In this paper we aim at a compact data structure to represent data cubes where the domains in each dimension are hierarchical. Following the general idea of the tailored solutions to the problems we mentioned [8, 13], our structure partitions the space according to the hierarchies, instead of performing a regular partition like generic multidimensional structures. Therefore, the queries of interest for OLAP applications, which combine nodes of the different hierarchies, will require aggregating the information of just a few nodes in our partitions, much fewer than if we used a generic space partitioning method.
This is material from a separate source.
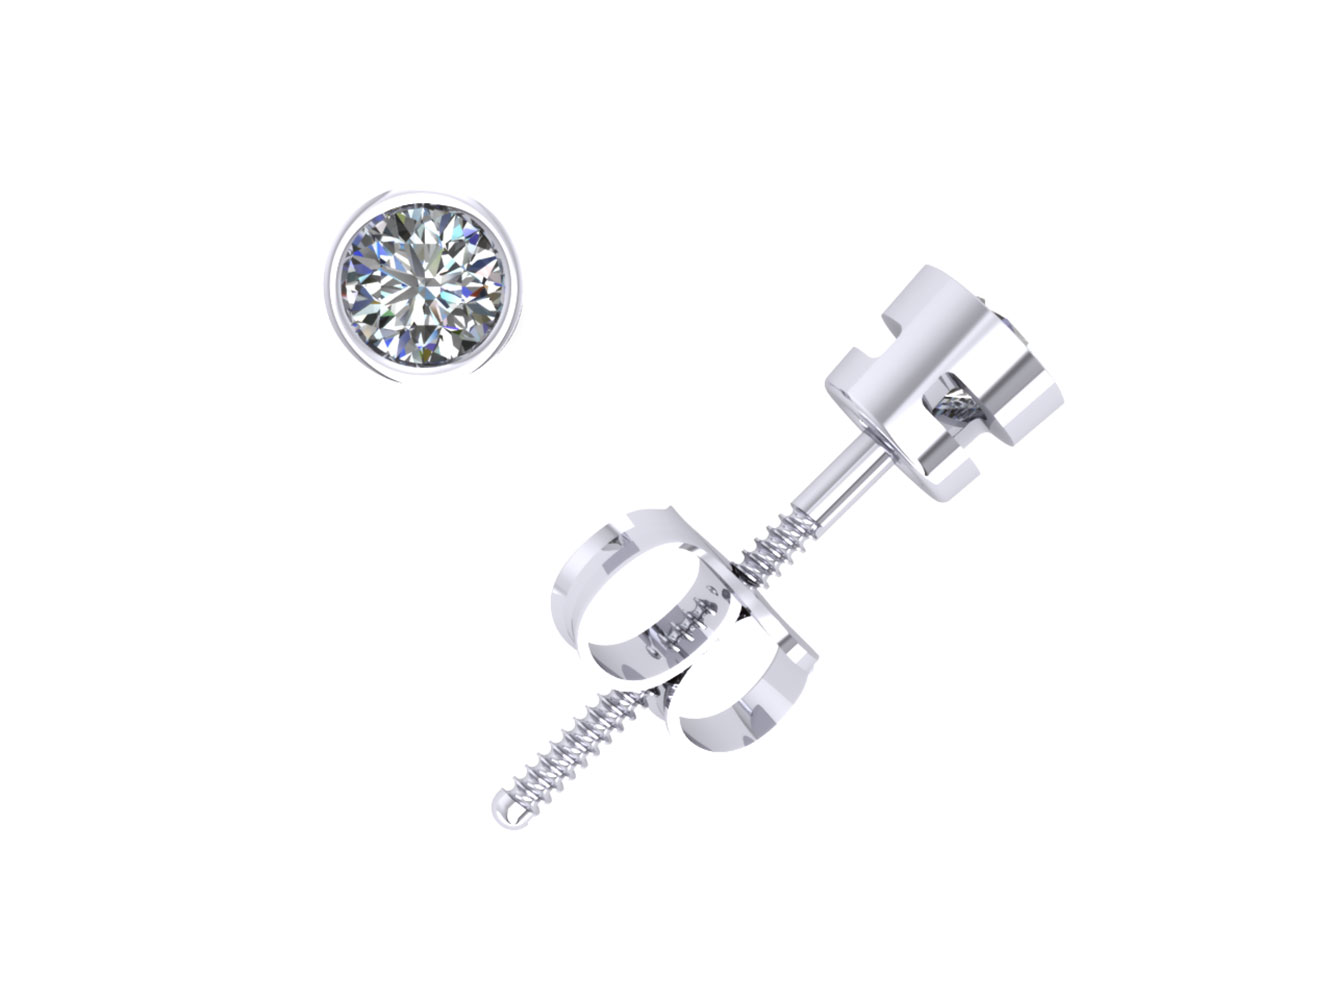 Jewel We Sell Natural 0.20Ct Round Cut Diamond Stud Earrings 14k White or Yellow Gold Bezel Set G SI1

Since we aim at compact representations, our baseline will be an extension to multiple dimensions of a two-dimensional compact summarization structure known as \(k^2\)-treap [1], a \(k^2\)-tree [3] enriched with summary information on the internal nodes. This n-dimensional treap, called \(k^n\)-treap, will then be extended so that it can follow an arbitrary hierarchy, not only a regular one. The topology of each hierarchy will be represented using a compact tree representation, precisely LOUDS [9]. This new structure is called CMHD (Compact representation of Multidimensional data on Hierarchical Domains). Although we focus on sum queries in this paper, it is easy to extend our results to other kinds of aggregations.

The rest of this paper is organized as follows. Sections 2 and 3 describe our compact baseline and then how it is extended to obtain our new data structure. An experimental evaluation is given in Sect. 4. Finally, we offer some conclusions and guidelines for future work.

2 Our Baseline: \({{{\varvec{k}}}}^{{{\varvec{n}}}}\)-treaps

The \(k^n\)-treap is a straightforward extension of the \(k^2\)-treap to manage multiple dimensions. It uses a \(k^n\)-tree (in turn a straightforward extension of the \(k^2\)-tree) to store its topology, and stores separately the list of aggregate values obtained from the sum of all values in the corresponding submatrix. Figure 1 shows a matrix and the corresponding \(k^n\)-treap. The example uses two dimensions, but the same algorithms are used for more dimensions.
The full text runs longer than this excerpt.